### TASK DIRECTIONS
Type the listing below out again exactly. No images.

======== PROVIDED DATA ========

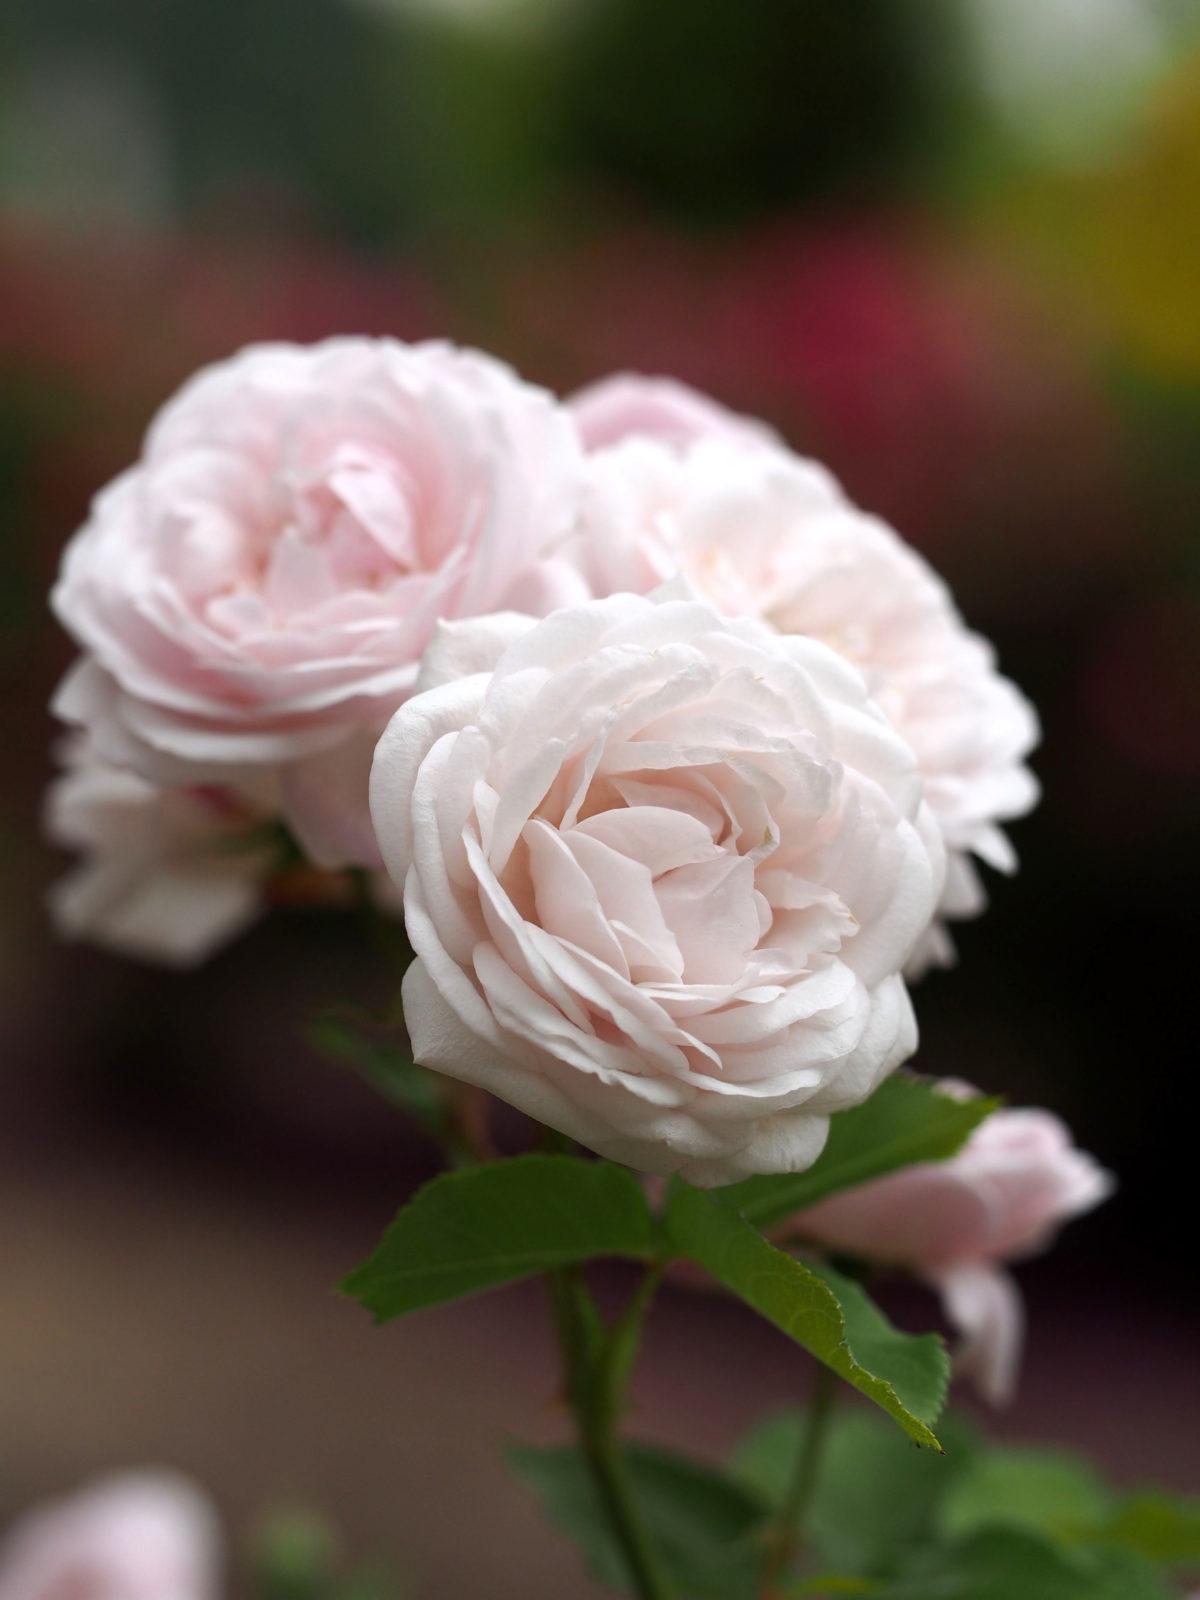 Des roses blanches pour Eunice, une femme prostituée victime de féminicide
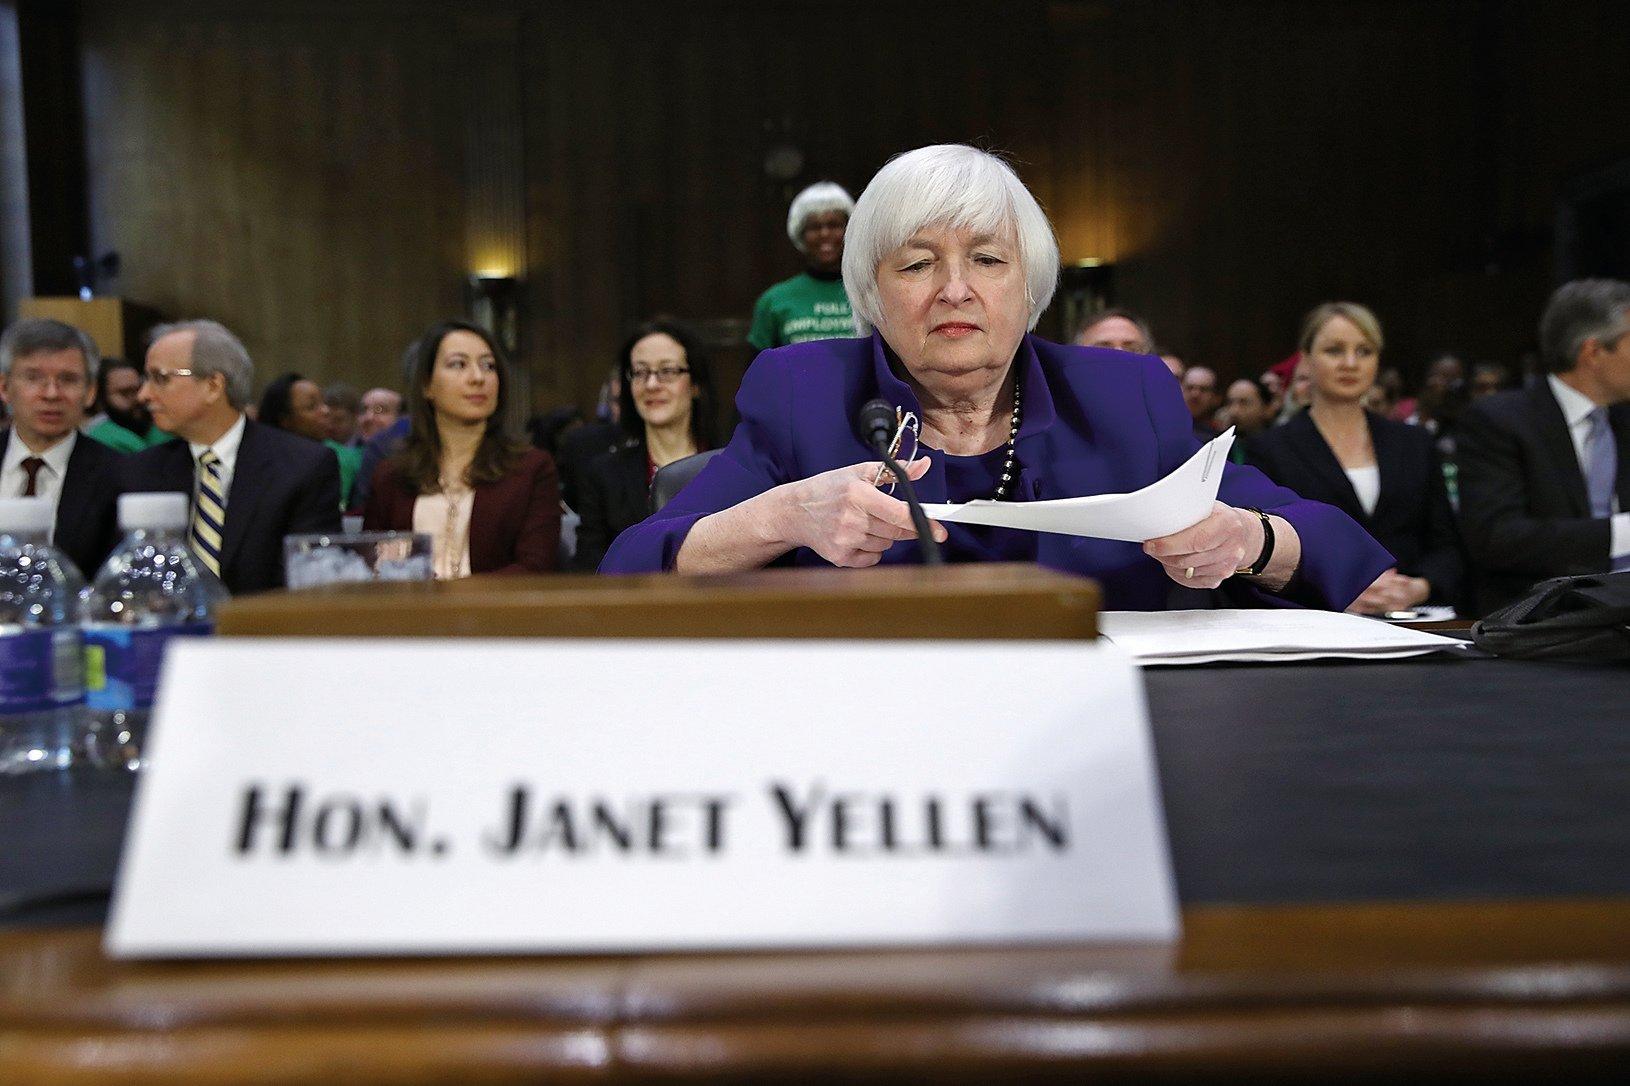 美聯儲主席耶倫14日出席國會聽證會時表示,在經濟持續增長及通貨膨脹上升之際,如果拖延加息時機,將是「不明智的」決定。(Win McNamee/Getty Images)
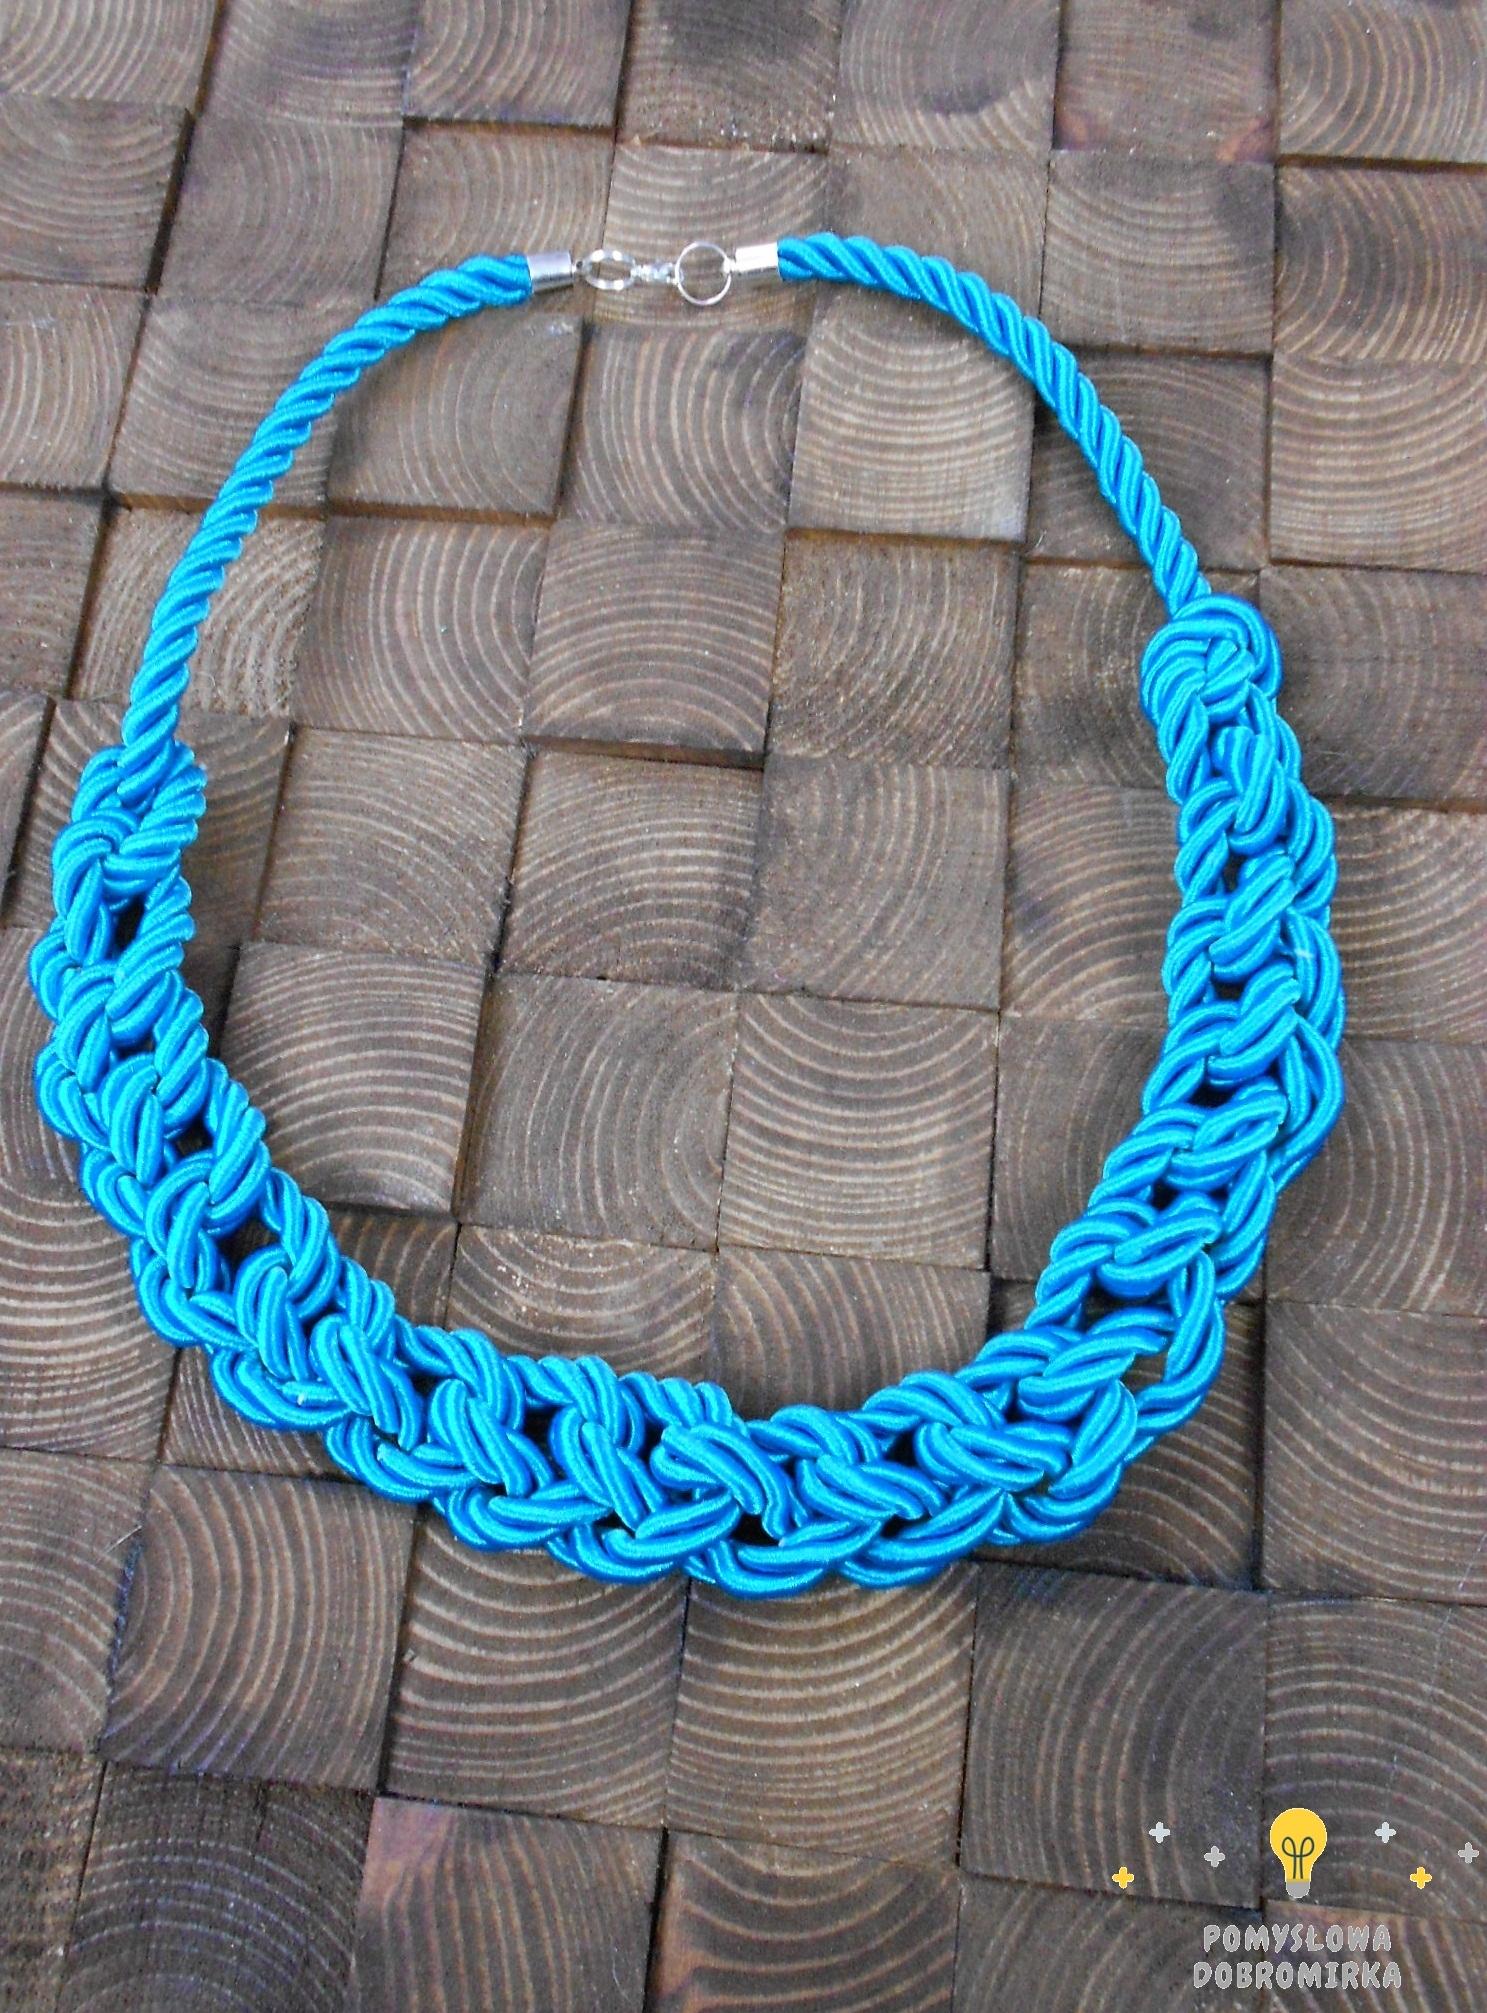 Turkusowy naszyjnik ze sznura marynarskiego

========

### RESPONSE AREA
 Des roses blanches pour Eunice, une femme prostituée victime de féminicide
 美聯儲主席耶倫14日出席國會聽證會時表示,在經濟持續增長及通貨膨脹上升之際,如果拖延加息時機,將是「不明智的」決定。(Win McNamee/Getty Images)
 Turkusowy naszyjnik ze sznura marynarskiego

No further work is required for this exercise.